## PROBLEM
Give back the lines below verbatim, omitting all pictures.
PROVIDED DATA START
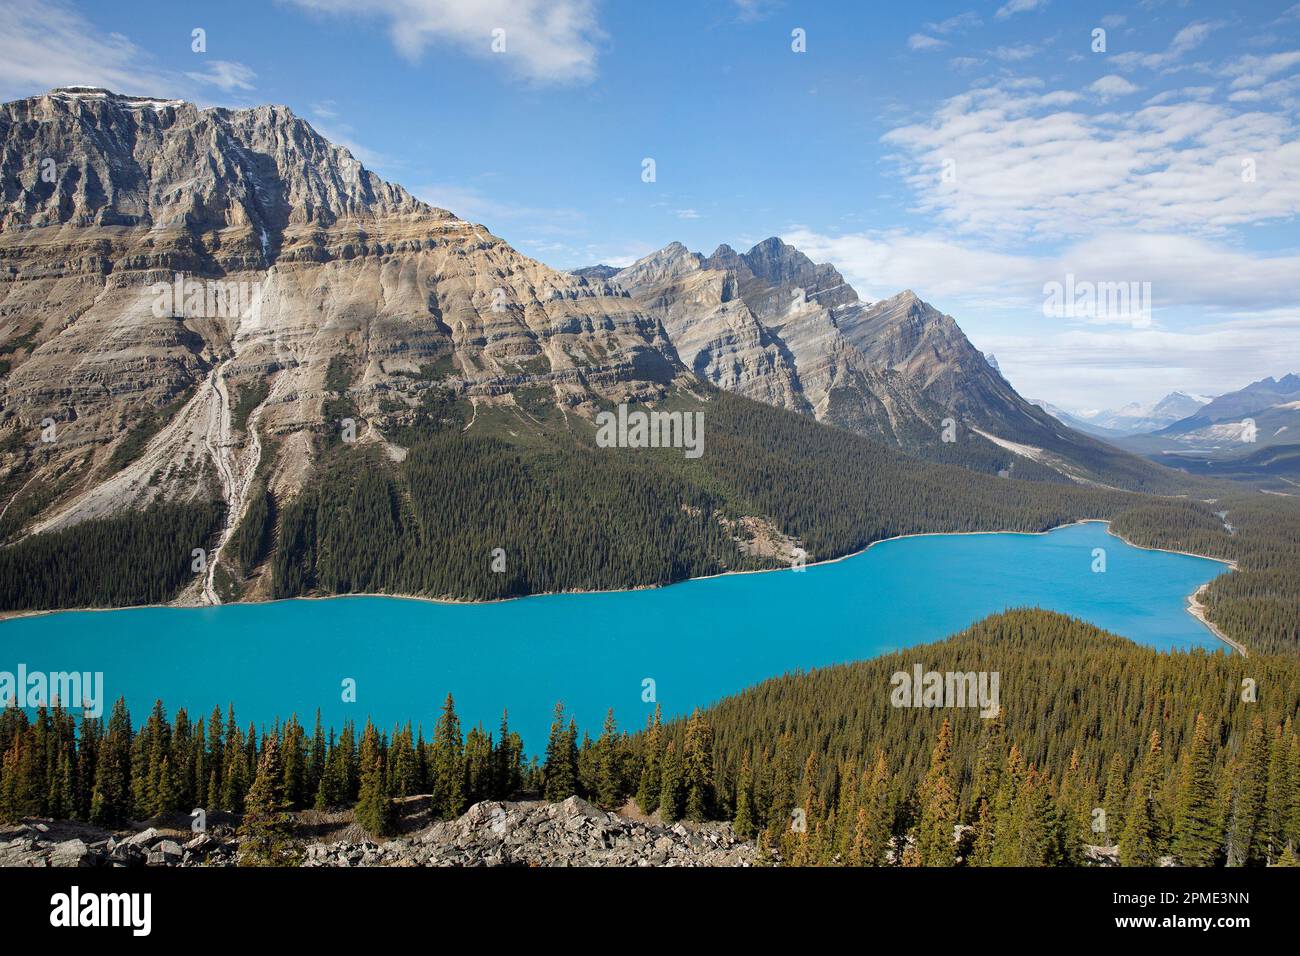 Vue sur le lac Peyto avec des eaux turquoise, une attraction pittoresque le long de la promenade Icefield dans les montagnes Rocheuses du parc national Banff, Canada Banque D'Images
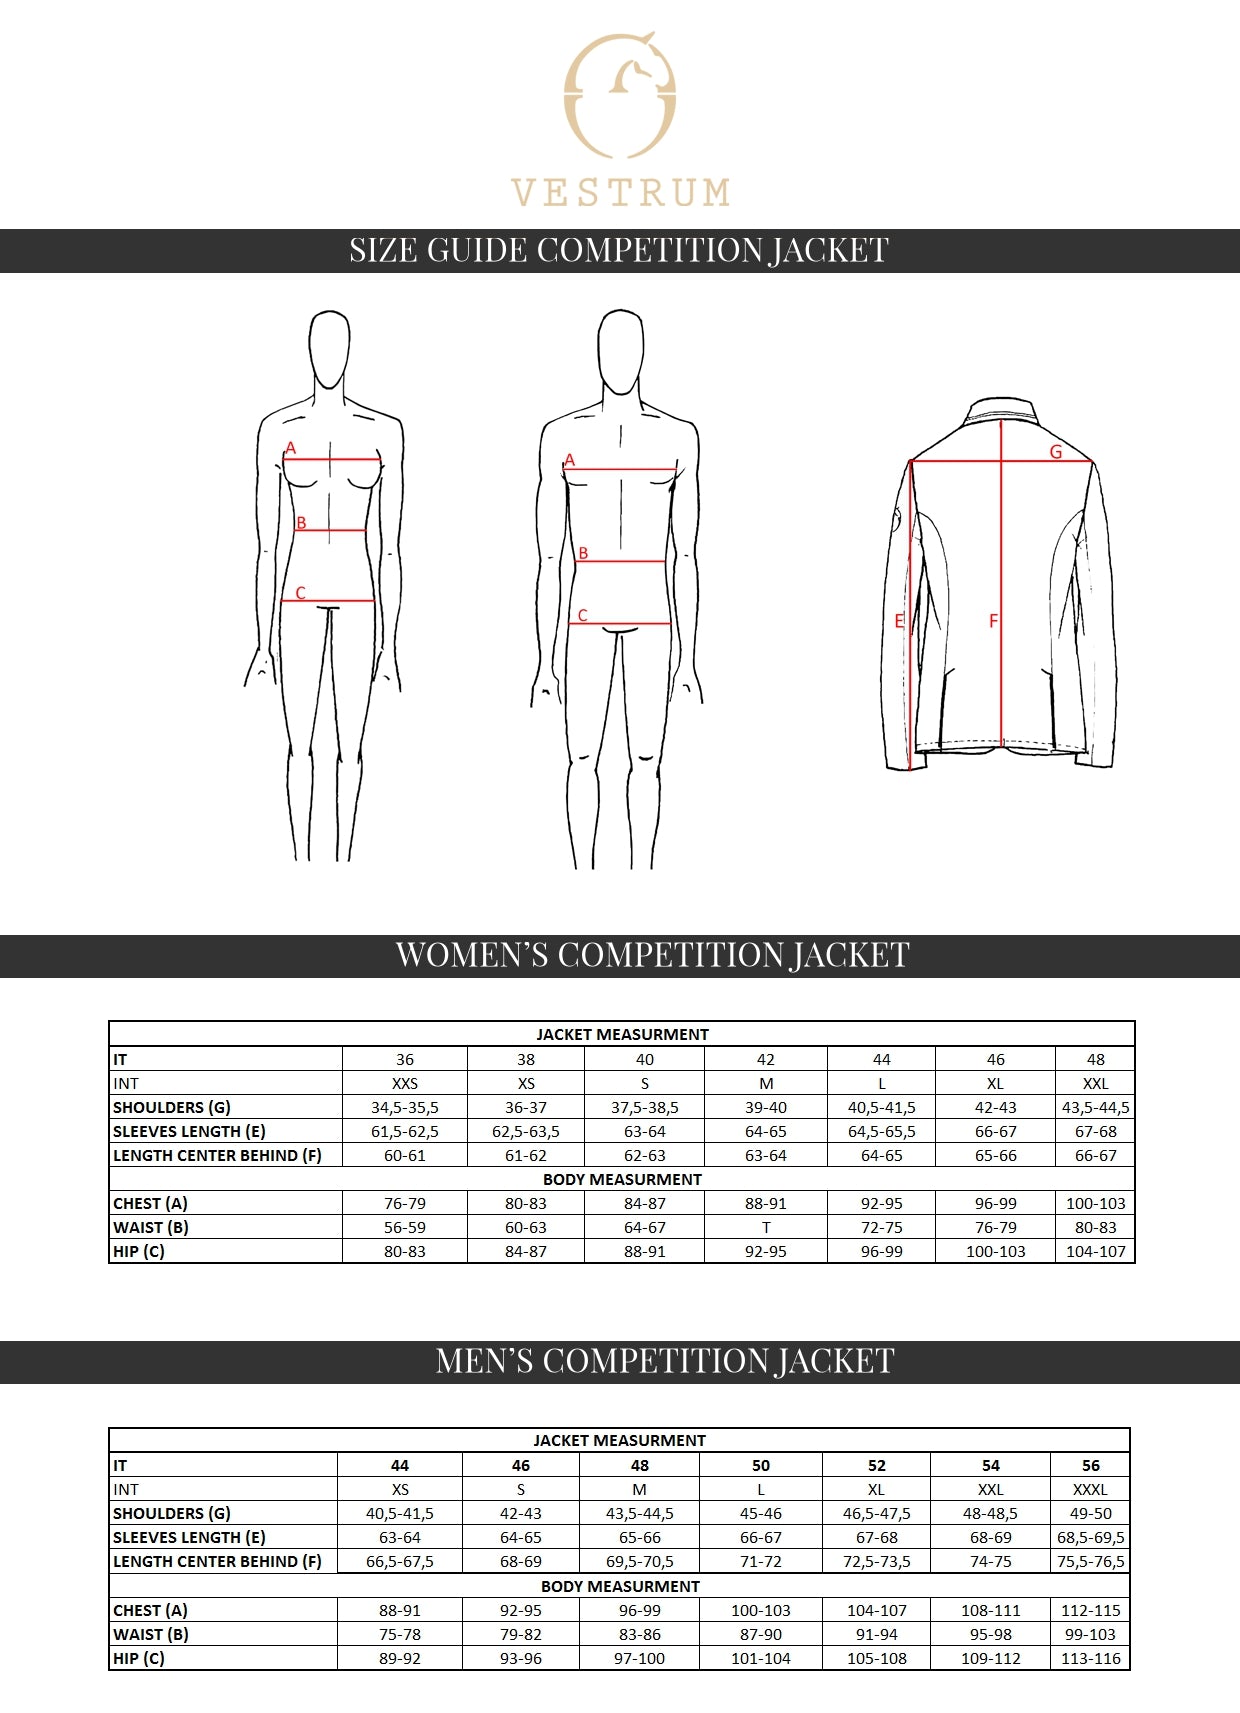 Vestrum competition jacket size chart
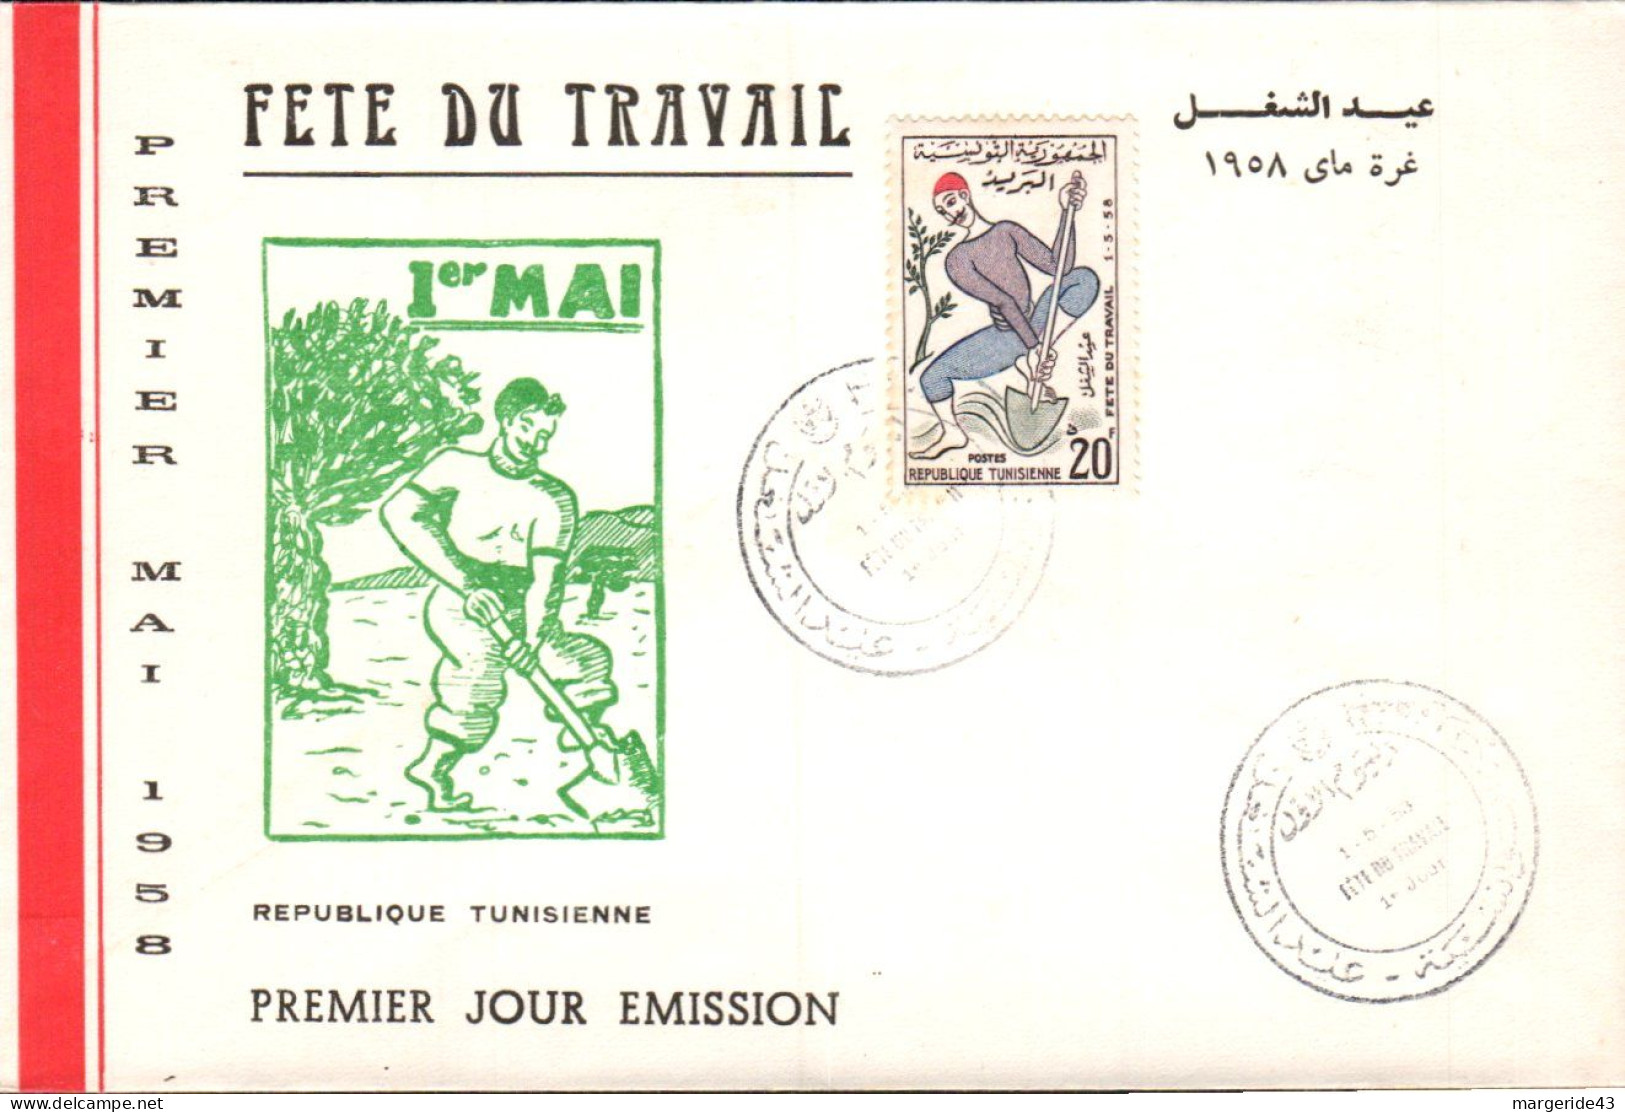 TUNISIE FDC 1958 FETE DU TRAVAIL 1 ER MAI - Tunisie (1956-...)
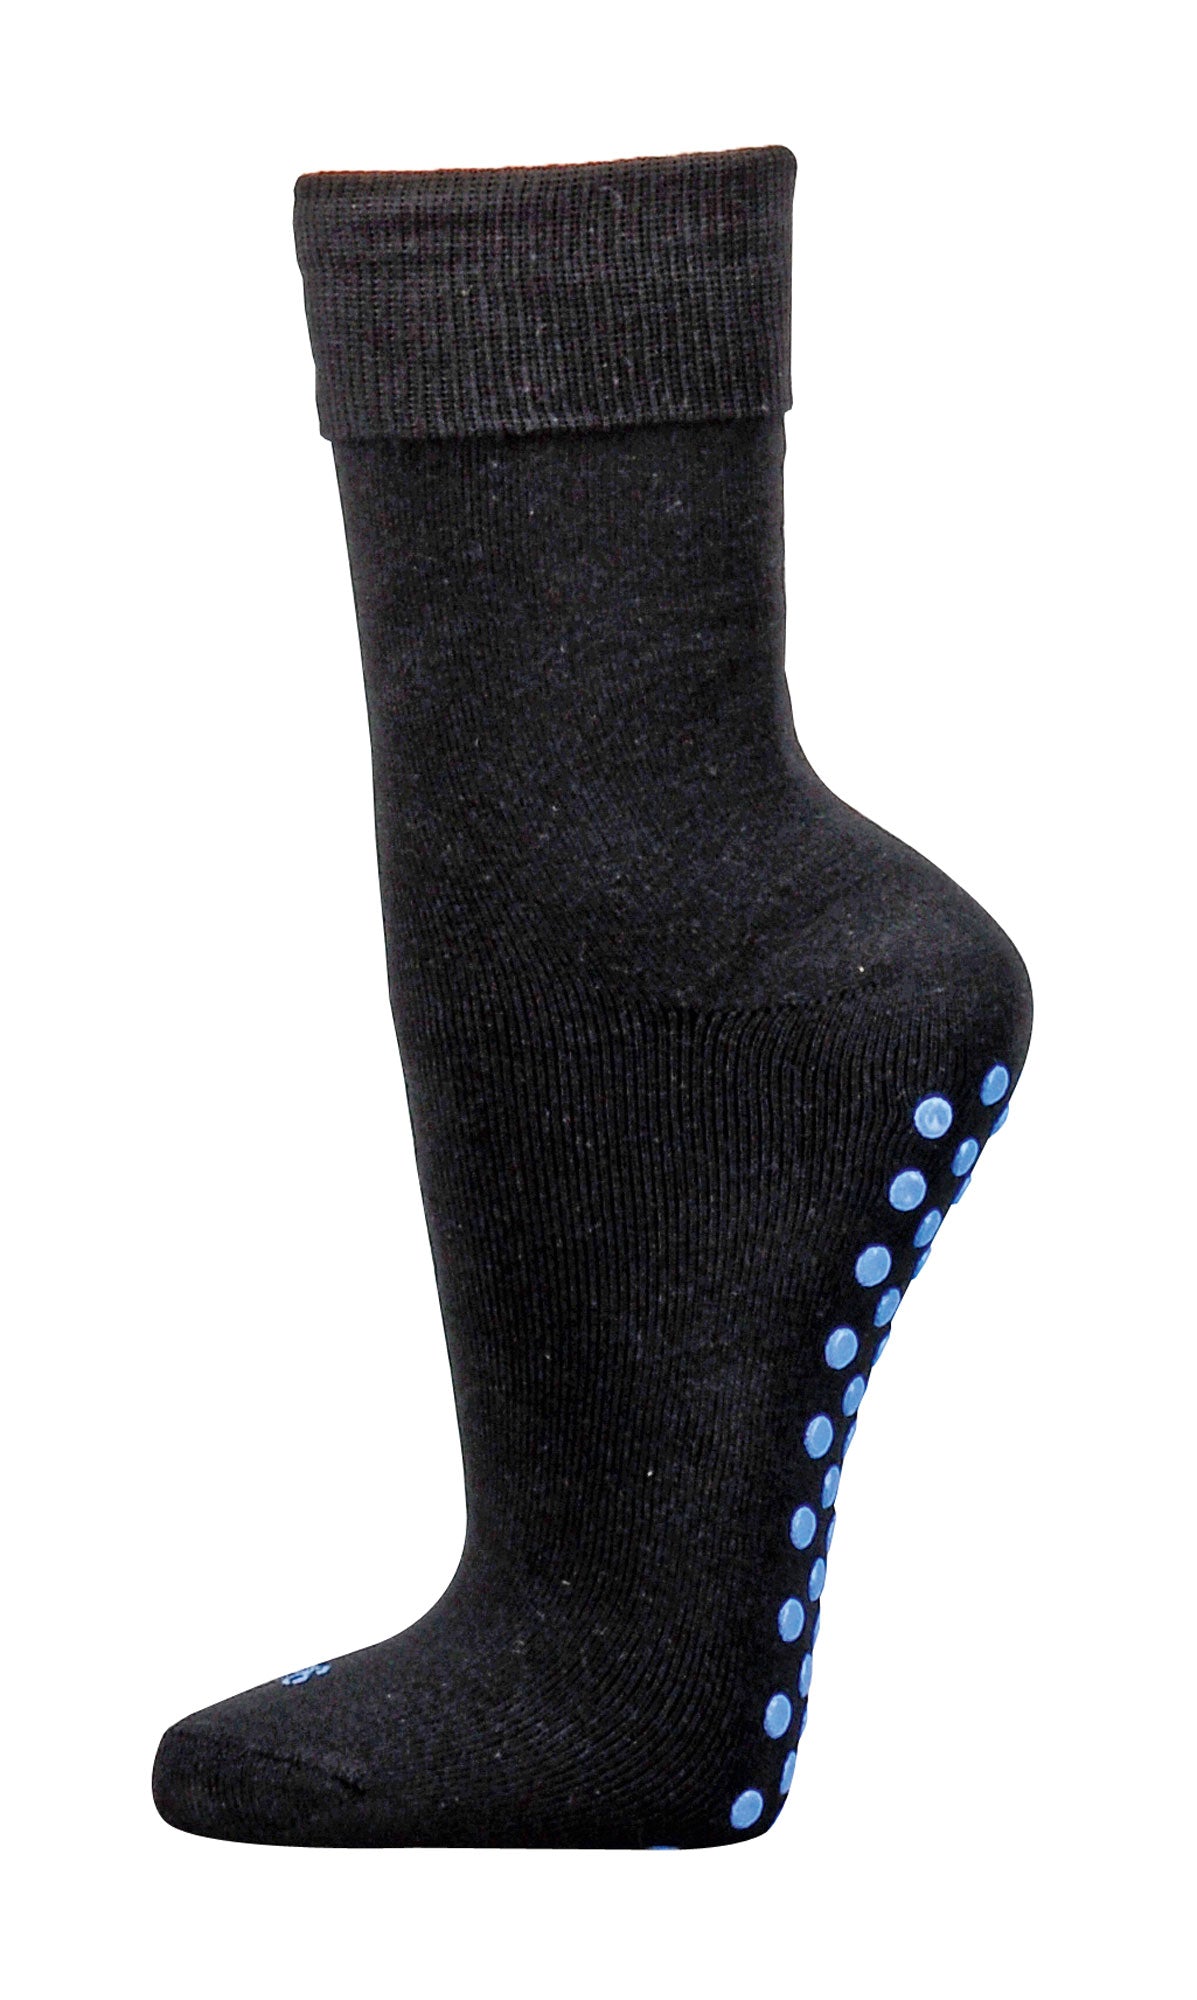 2-6 Paar ABS Socken Stoppersocken Bauwolle Damen Herren Kinder Gr. 35-50
PROVIDED DATA END
## ANSWER AREA
 Vue sur le lac Peyto avec des eaux turquoise, une attraction pittoresque le long de la promenade Icefield dans les montagnes Rocheuses du parc national Banff, Canada Banque D'Images
 Vestrum competition jacket size chart
 TUNISIE FDC 1958 FETE DU TRAVAIL 1 ER MAI - Tunisie (1956-...)
 2-6 Paar ABS Socken Stoppersocken Bauwolle Damen Herren Kinder Gr. 35-50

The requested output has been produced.